Rich. That’s what she’d thought. And he’d always thought he was—he paid his bills, owned a home, bought a new truck every 125,000 miles, didn’t have debt (until now) and put a modest amount in the stock market and savings.

But he wasn’t rich. Not by Hadley’s standards, anyway.

She looked straight ahead. “I thought you’d value our time together more.”

“How do I not value our time together, Hadley?”

“You always put your family first. You spend more time with your father than you do with me.”

“I work with my father.”

“That Mrs. Johnson growls at me any time I even look at her, and your sisters are horrible!”

“My sisters aren’t horrible, Mrs.

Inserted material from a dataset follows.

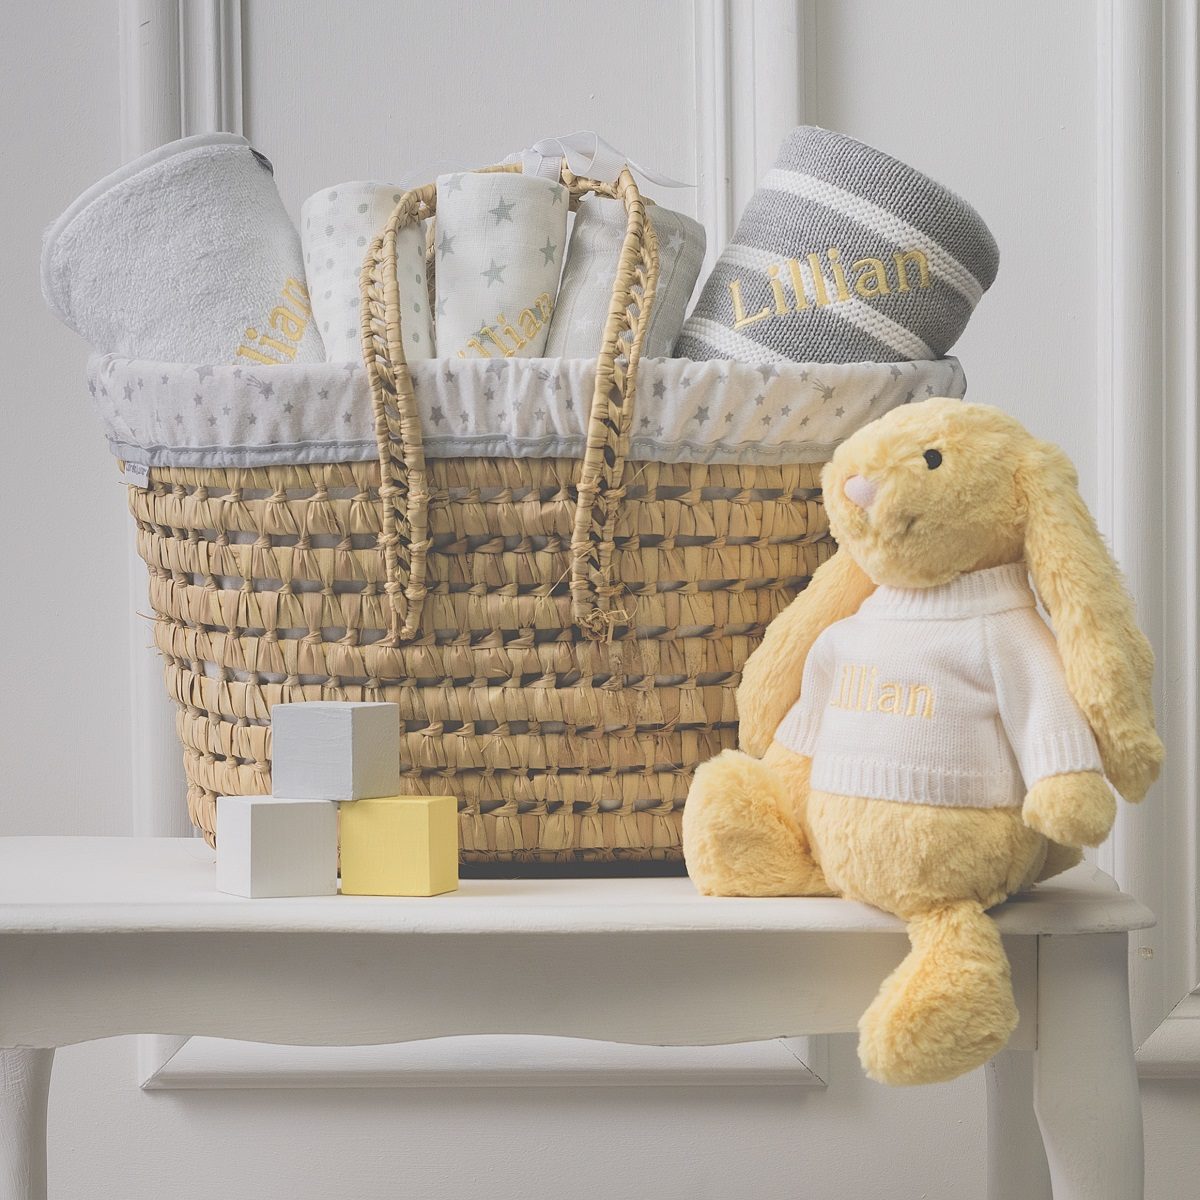 Personalised white and grey baby gift basket with lemon bunny soft toy
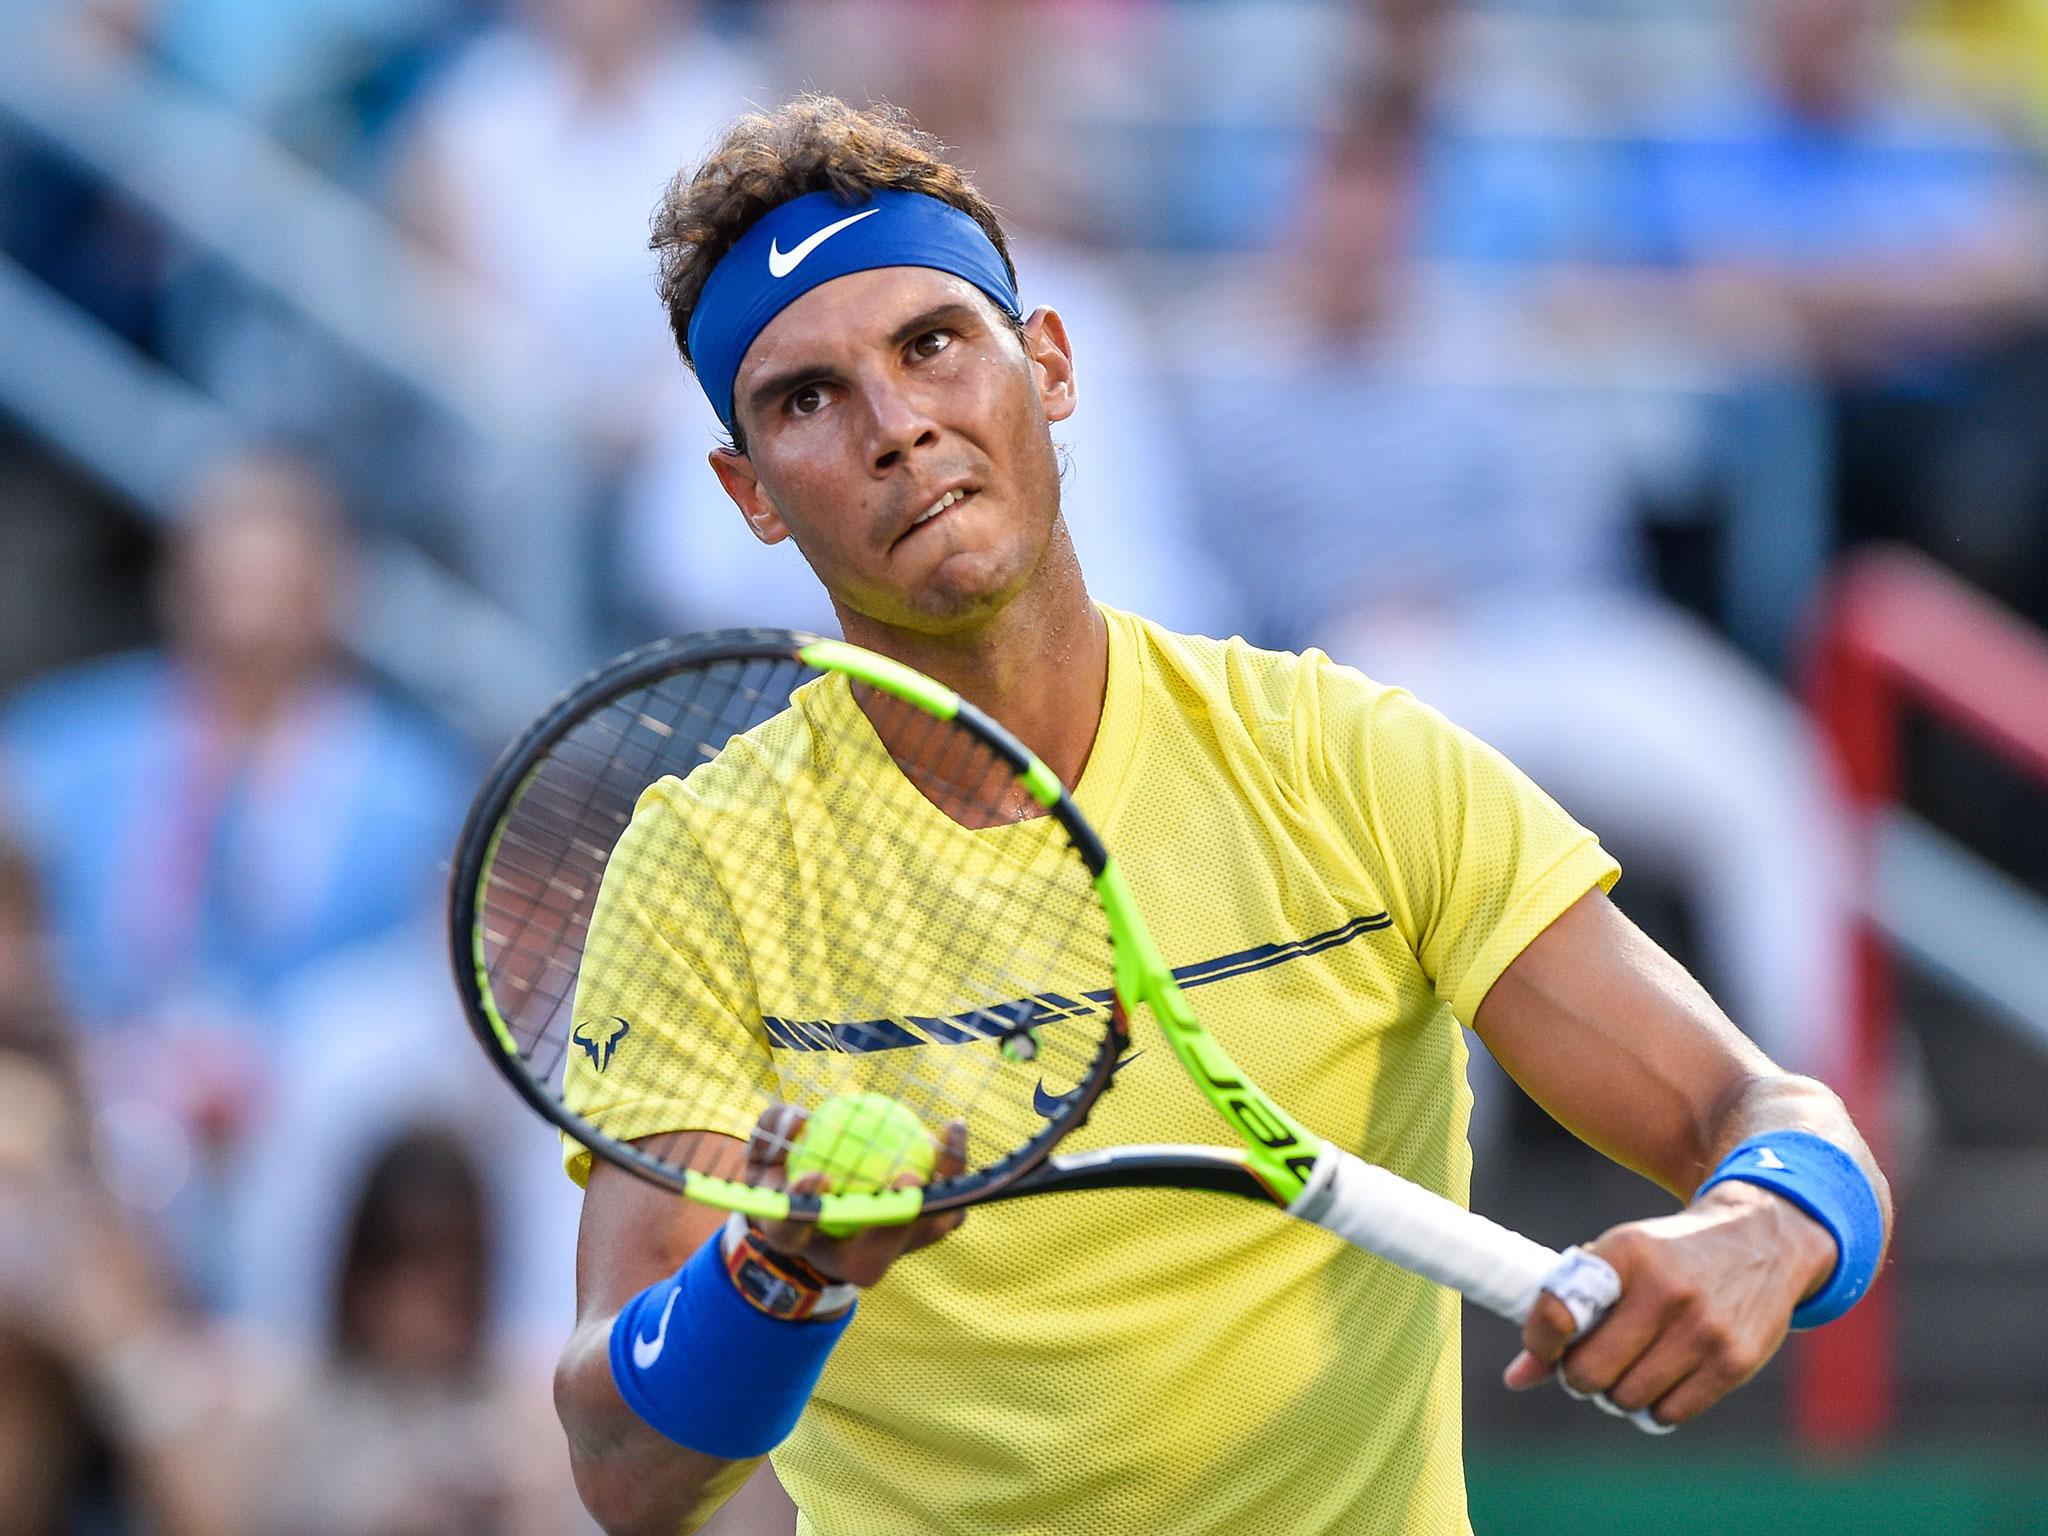 Rafael Nadal two wins away from No 1 ranking after strong start to Rogers Cup campaign The Independent The Independent

Johnson growls at everyone and they’re not the reason you spent twenty thousand dollars on clothes.”

“You’re overreacting. I’m sorry you don’t think I’m worth it, after all I do to try to make you happy.” There was a challenge in her eyes.

“This is practically hoarding, and it’s money we don’t have.” He picked up a pair of long white gloves, the kind a woman would wear to...well, hell, he didn’t know. “You forged my signature on three credit card applications, which is illegal, for one, and for two, means your own credit must be shot to hell. You’re hiding things around the house because you know you shouldn’t be spending so much. This is not how a responsible adult behaves.”